Today Coronation Park lies in a desolate area north of old Delhi, just off a major motorway. It has reverted to scrubland, where cows graze and makeshift cricket is played by local lads. At its centre a square of chipped steps leads up to an obelisk, which looks at first glimpse like a war memorial. Only a red sandstone plaque at the scruffy entrance gate to the park hints at the former glory of this site, which witnessed a profound and final change in the governance of India by Britain.
The wording, in Hindi and English, reads: ‘This memorial was erected to commemorate the Coronation Durbar of King George V and Queen Mary held in December 1911. On the occasion the King announced the transfer of the Capital of British India from Calcutta to Delhi.’ The plaque is recently installed but its cement base is already crumbling, rather like the foundations of British rule in India a hundred years ago. Although the durbar, held in the purpose-built Coronation Park, seemed to epitomise the very summit of British rule in the Indian sub-continent there were subtle indications, no more than the slight earth tremors that still shake Delhi today, that all was not well. The bold announcement that the capital was to move took 20 years to implement because of delays caused by the First World War. And then the British enjoyed their new capital for just 16 years before independence swept them away.

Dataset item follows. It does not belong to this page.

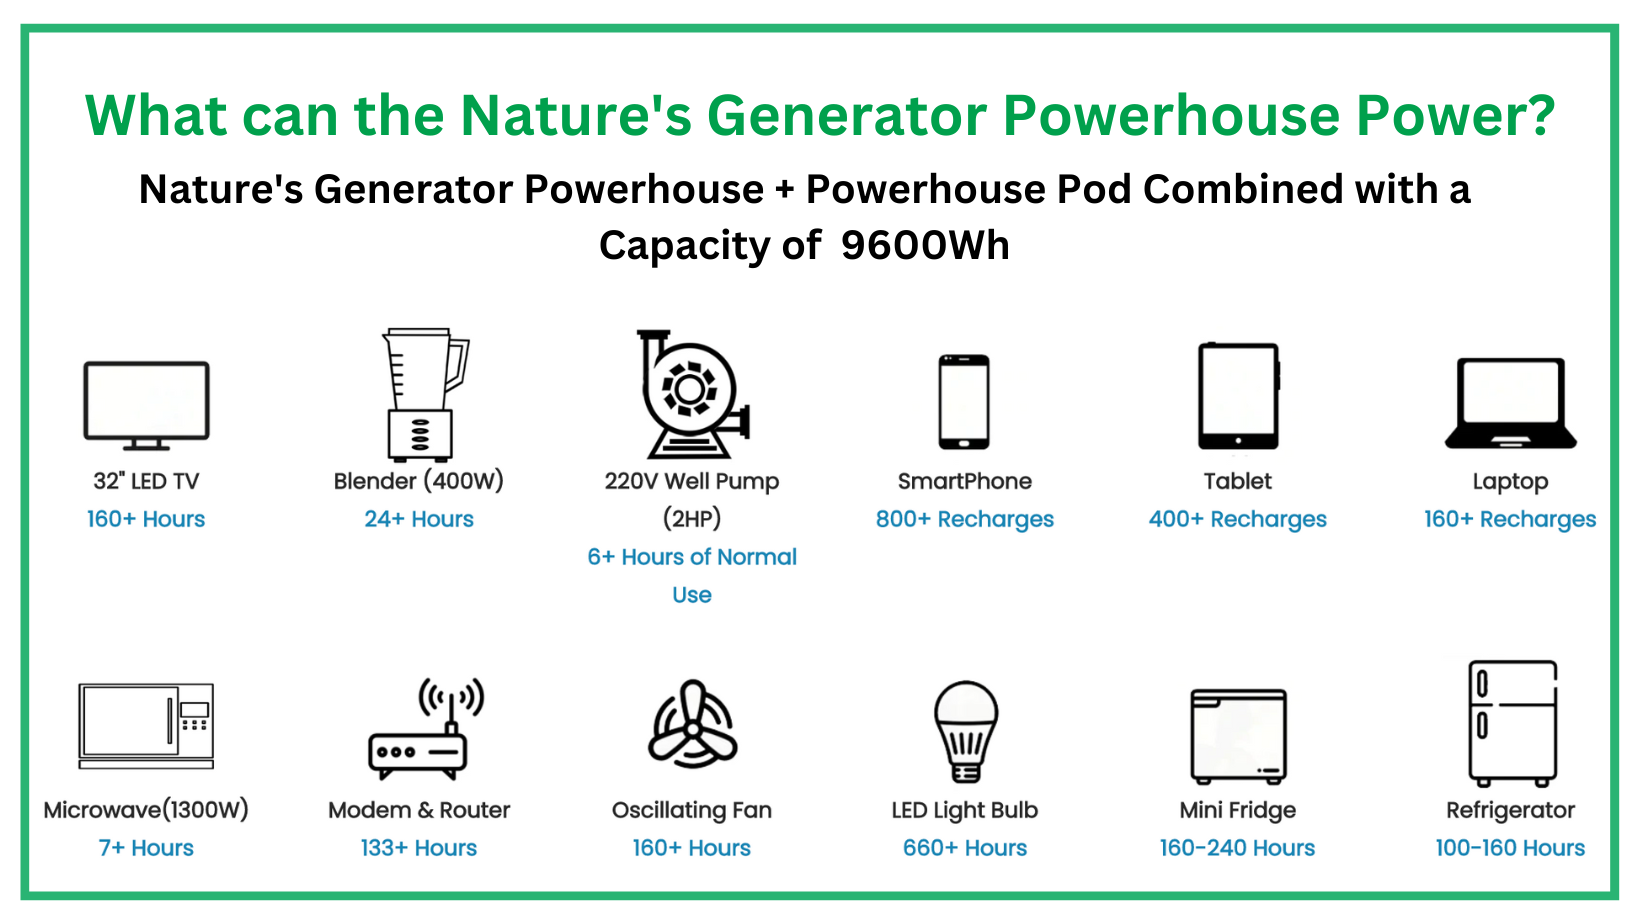 What can the Nature's Generator Powerhouse Power?

The ostensible purpose of the durbar (which means an appearance at the court of a ruler) was to affirm Britain’s George V (r. 1910-36) as the ‘king-emperor’ of India and heir to the great Mughal emperors of the past. The king’s grandmother, Victoria (r. 1837-1901), had been appointed queen-empress of India in 1877, 19 years after the British government abolished the old East India Company and established direct rule over almost half the country. The queen’s nomination, suggested by Benjamin Disraeli, her prime minister, was to establish not only a recognisable figurehead for the great subcontinent, with its tradition of powerful women, but to show its people that the British Raj was now the legitimate successor to the Mughals. The durbar was both a deliberate acknowledgement of Mughal custom, where India’s princes would pay homage at the Delhi court, and an affirmation of the benefits that benign British rule offered in return for their unwav-ering loyalty. (No one mentioned the Indian Mutiny that had taken place half a century before and had led indirectly to a British emperor in India.) But, quite apart from providing a glorious pageant to flatter the princes and promote British royalty, the 1911 durbar was an attempt to undo the damage that had been caused by the ill-judged partition of Bengal six years earlier.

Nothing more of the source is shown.